The interest and the principal amount is what you are going to pay in a normal house loan. In every month that you are paying, the amount will go down while the equity of your house will go up. When it comes to reverse mortgage, everything is the opposite. You will be able to convert the equity if your house into cash in a reverse mortgage. You will not be required to pay the monthly payments. There are many ways in which you can get the cash that you need. It can be in a single lump sum payment. If you wish, you can get your cash on a monthly basis. If you wish, you can also place the cash on a credit line account.

It is in reverse mortgage that the homeowner still owns the house and gets the cash that they wish to have. Once they receive the cash, the loan amount goes up while the equity of their house will go down. The total equity of the house cannot be more than the reverse mortgage that was approved. The one that loaned the cash can't seek any payment other than the value of the house. The non-recourse limit is the one that protects your assets and the assets of your heirs.

But it is very important to pay the accrued interest as well as the principal amount.
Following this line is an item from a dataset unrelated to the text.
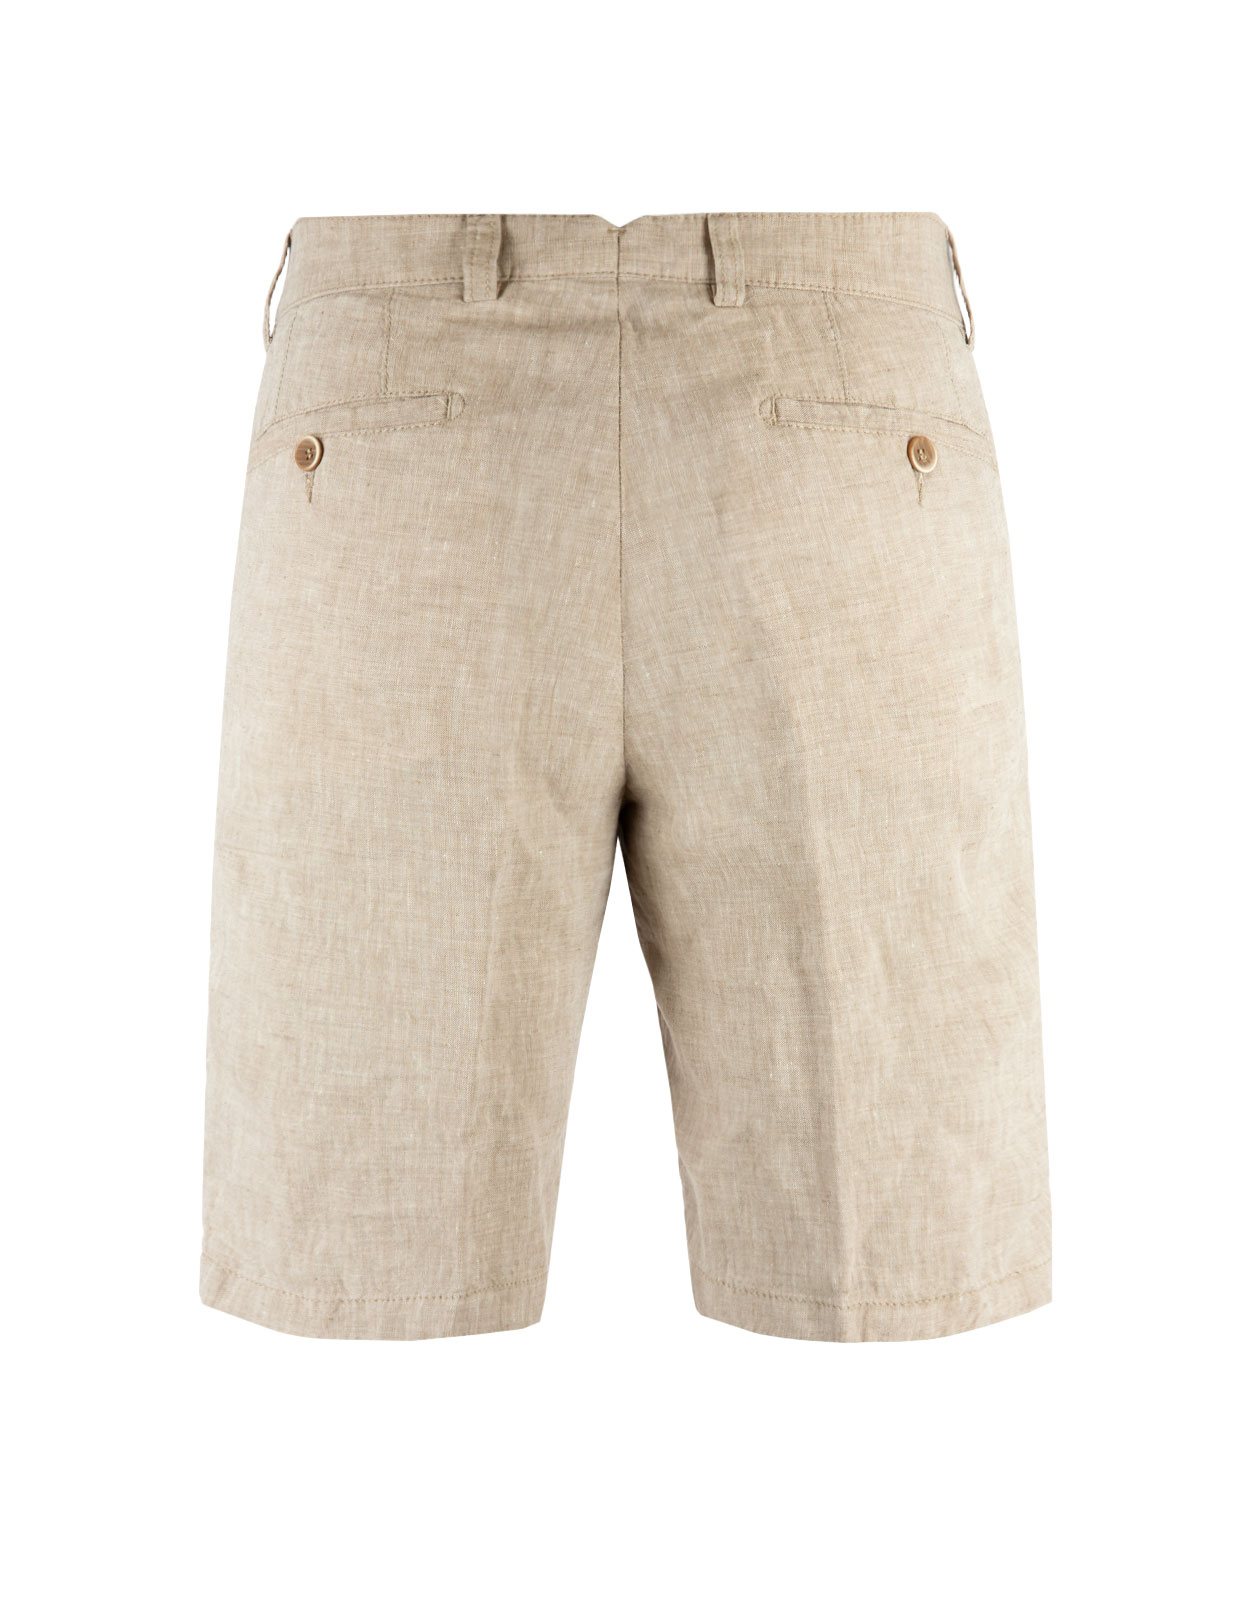 Ströms Shorts Taupe

You will have to pay the loan if the owner of the house dies, sells the property or moved to another home. But if none of these occurs, then there is no need to pay the loaned amount.

There can be some factors why a lender will be required to pay their loan. The first factor is that is the lender has failed to pay their property tax. The next factor is that if the lender fails to maintain and repair their home. If the lender failed to ensure their house, then they will have to pay the loan. If there is a declaration of bankruptcy, then you will have to pay the loan too. If you will abandoned your house, you also have to pay the loaned amount. If there is fraud and misrepresentation, then you will be required to pay the loan.

A home equity loan is different from reverse mortgage. They are different ways of obtaining money from the equity if your home. These loans are the types of loans that will require you to pay the monthly interest on the total amount.